Humphries anchored dominant line

JACKSONVILLE, Fla. -- Early in the second half, the Florida offensive line saw something new. They saw Georgia shying away from the physicality the Gators were playing with.

The first half gave some glimpses of it. Florida ran for 162 yards in the first half and went into halftime with a 14-7 lead, getting the ball to start the second half. The offensive linemen expected the Georgia defense to look different in the second half, but that change wasn’t there.

The Georgia defense looked flat, wanting to avoid the physical nature the Gators were determined to play with in Jacksonville.

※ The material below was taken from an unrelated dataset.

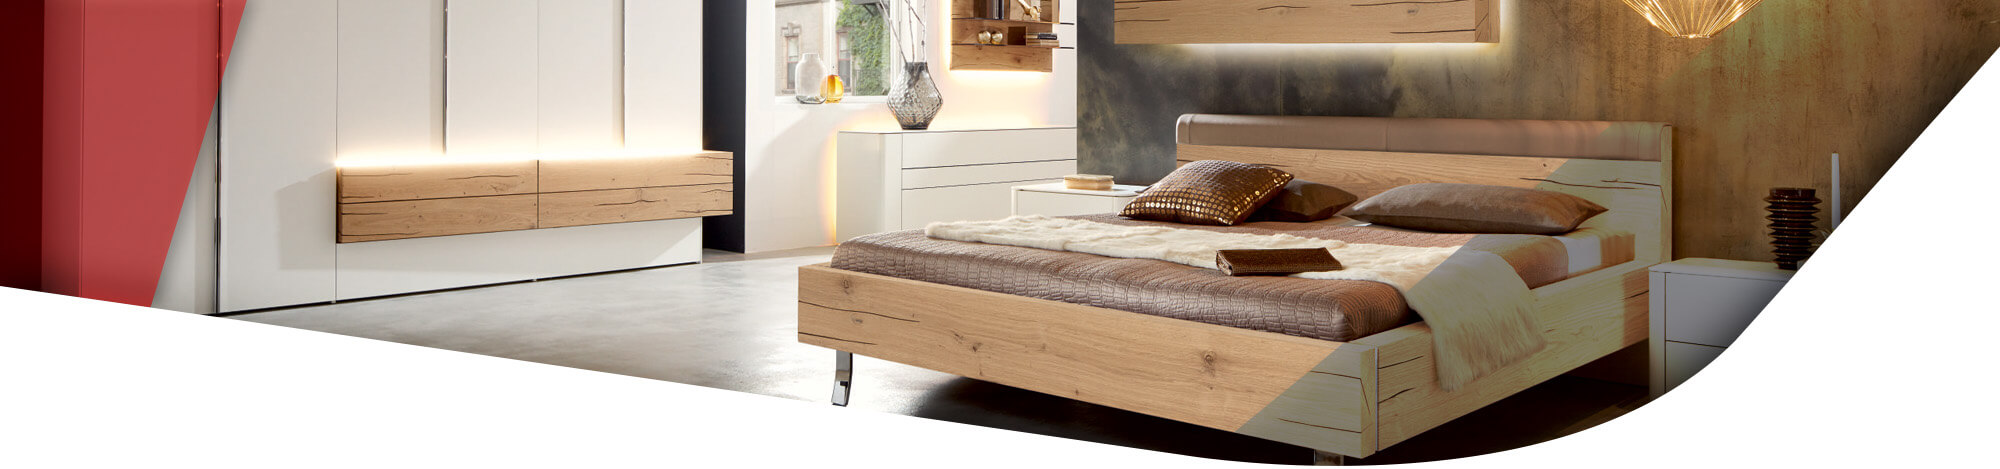 Schlafzimmer mit hellem Holzbett und weißem Kleiderschrank mit Holzakzent

“We were way tougher than they were, first of all,” D.J. Humphries said. “Then we just knocked the fight out of them. After we came out in the second half and took it down (and scored on the opening drive), they were done. All the fight was gone out of them. They didn’t want to hit us at all.”

The offensive line knew what was coming on Saturday. No one expected Florida to throw the ball just six times, but they knew the emphasis was on them to dominate the line of scrimmage and open up holes for the running backs.

It was similar to what Florida did at South Carolina last year. The Gators were on their third-string quarterback for that trip to Columbia and threw the ball 14 times while running it 41. That looked like an air raid offense compared to what Florida deployed in Jacksonville on Saturday.

Jones and Taylor get most of the credit for totaling 389 yards and four touchdowns, and the offensive line is OK with that. They got their satisfaction by looking up at the scoreboard and seeing the 418 rushing yards for the game.

“The offensive line doesn’t need no glory,” Humphries said. “We saw that 424 on screen, that’s plenty of love we need. I’m just happy for those boys and that they took care of the opportunity.”

That doesn’t mean the offensive line won’t be rewarded.

“(Jones or Taylor) better buy us dinner tonight,” Humphries said with a laugh. “Somebody got to buy us some food.”

Jones later said he was taking the offensive linemen to dinner this week.

Humphries was one of the players Muschamp challenged by name during the week. He played at left tackle two years ago during the rivalry as a true freshman and remembered being wide-eyed. But playing quarterback in the rivalry? That’s why he felt the need to provide the running lanes and pass protection for freshman Treon Harris.

“He definitely stepped up today,” Humphries said. “He didn’t have to throw the ball a lot, but he was a vital part to the team. He got us to the line, got us lined up, got us moving fast.”

The success on the ground allowed the Florida players to experience something not many of them had. Neiron Ball is the only player on the roster to play in a Florida win over the Bulldogs. That changed in a big way on Saturday night, and the players wanted to soak it in.

Humphries stood arm-in-arm with offensive line coach Mike Summers, watching as the Georgia fans left the stadium.

“That’s a beautiful sight,” Summers said to Humphries on the sideline.

The challenge now is to carry this production through the rest of the season. The offense had life on Saturday for the first time since the Gators hosted Kentucky during the second week of the season, but they don’t want this to be the end point.

None of the future mattered on Saturday, though. The players wanted to take the night to enjoy the win and the dominant performance on the ground.

“First time beating Georgia, 418 rushing yards – I’ve got that memory for a while,” Humphries said. “I’m going to have that one for the rest of my life.”